Exercise goal
What follows is a listing to transcribe exactly, leaving the pictures out.

Dataset section
══════════════════════════════

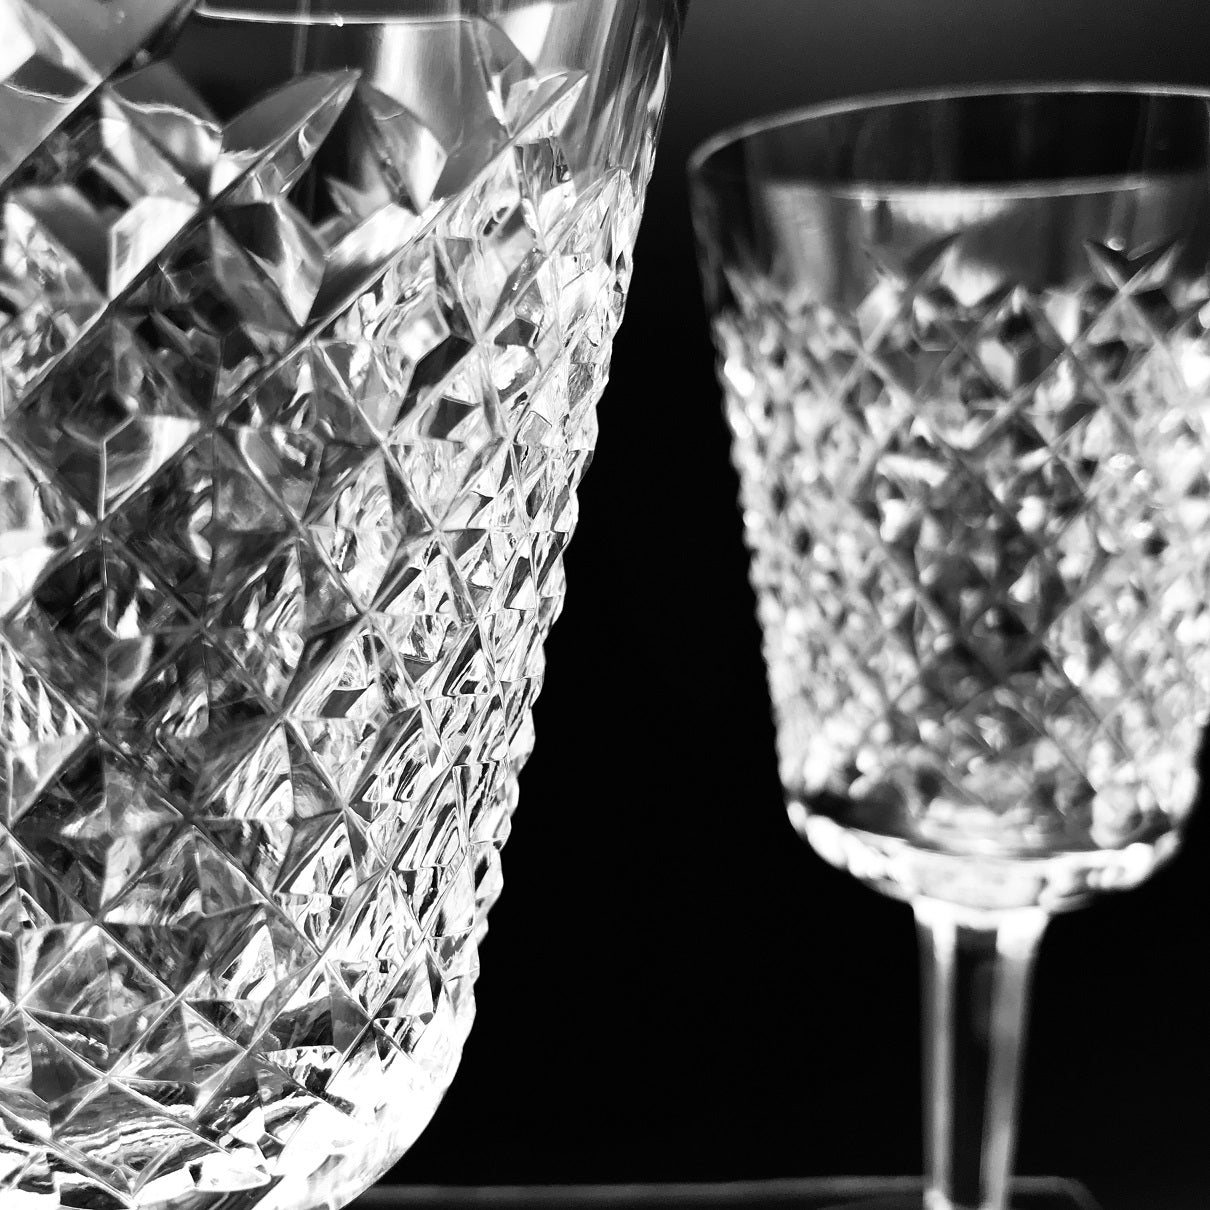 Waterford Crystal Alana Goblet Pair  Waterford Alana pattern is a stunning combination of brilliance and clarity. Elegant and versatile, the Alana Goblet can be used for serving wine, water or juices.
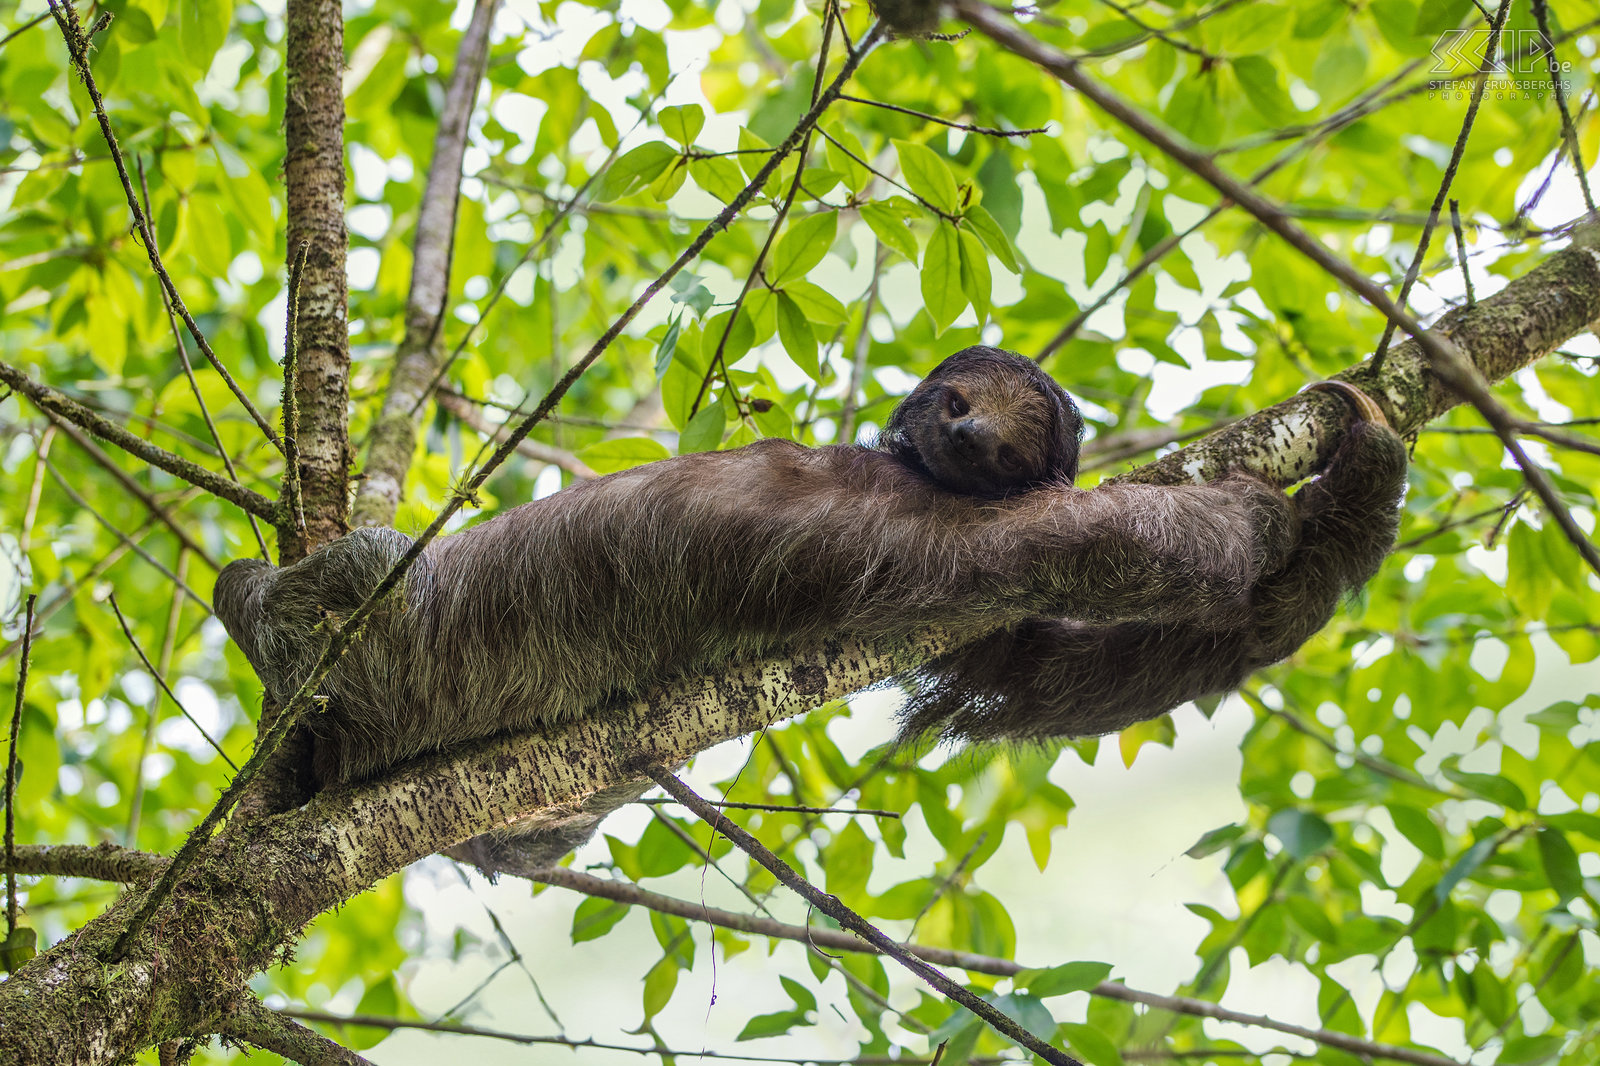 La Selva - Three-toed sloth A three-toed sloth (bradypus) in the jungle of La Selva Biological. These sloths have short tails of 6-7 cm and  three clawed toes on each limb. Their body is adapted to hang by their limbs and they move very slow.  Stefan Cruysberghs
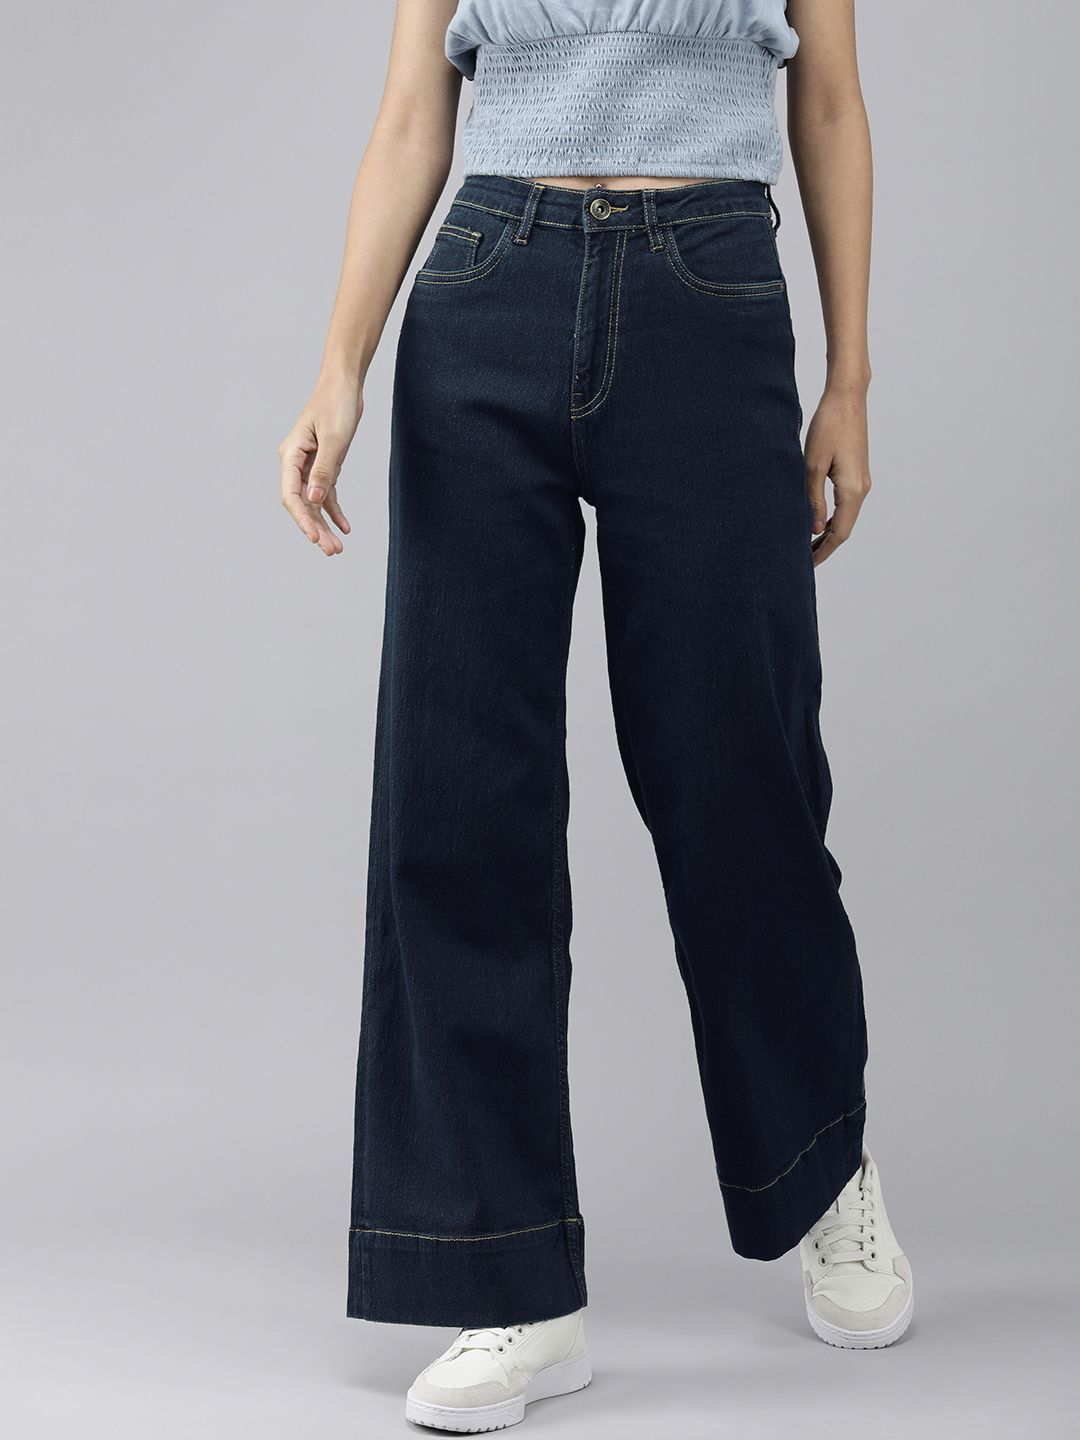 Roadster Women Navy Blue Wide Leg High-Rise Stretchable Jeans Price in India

══════════════════════════════

Answer
 Waterford Crystal Alana Goblet Pair  Waterford Alana pattern is a stunning combination of brilliance and clarity. Elegant and versatile, the Alana Goblet can be used for serving wine, water or juices.
 La Selva - Three-toed sloth A three-toed sloth (bradypus) in the jungle of La Selva Biological. These sloths have short tails of 6-7 cm and  three clawed toes on each limb. Their body is adapted to hang by their limbs and they move very slow.  Stefan Cruysberghs
 Roadster Women Navy Blue Wide Leg High-Rise Stretchable Jeans Price in India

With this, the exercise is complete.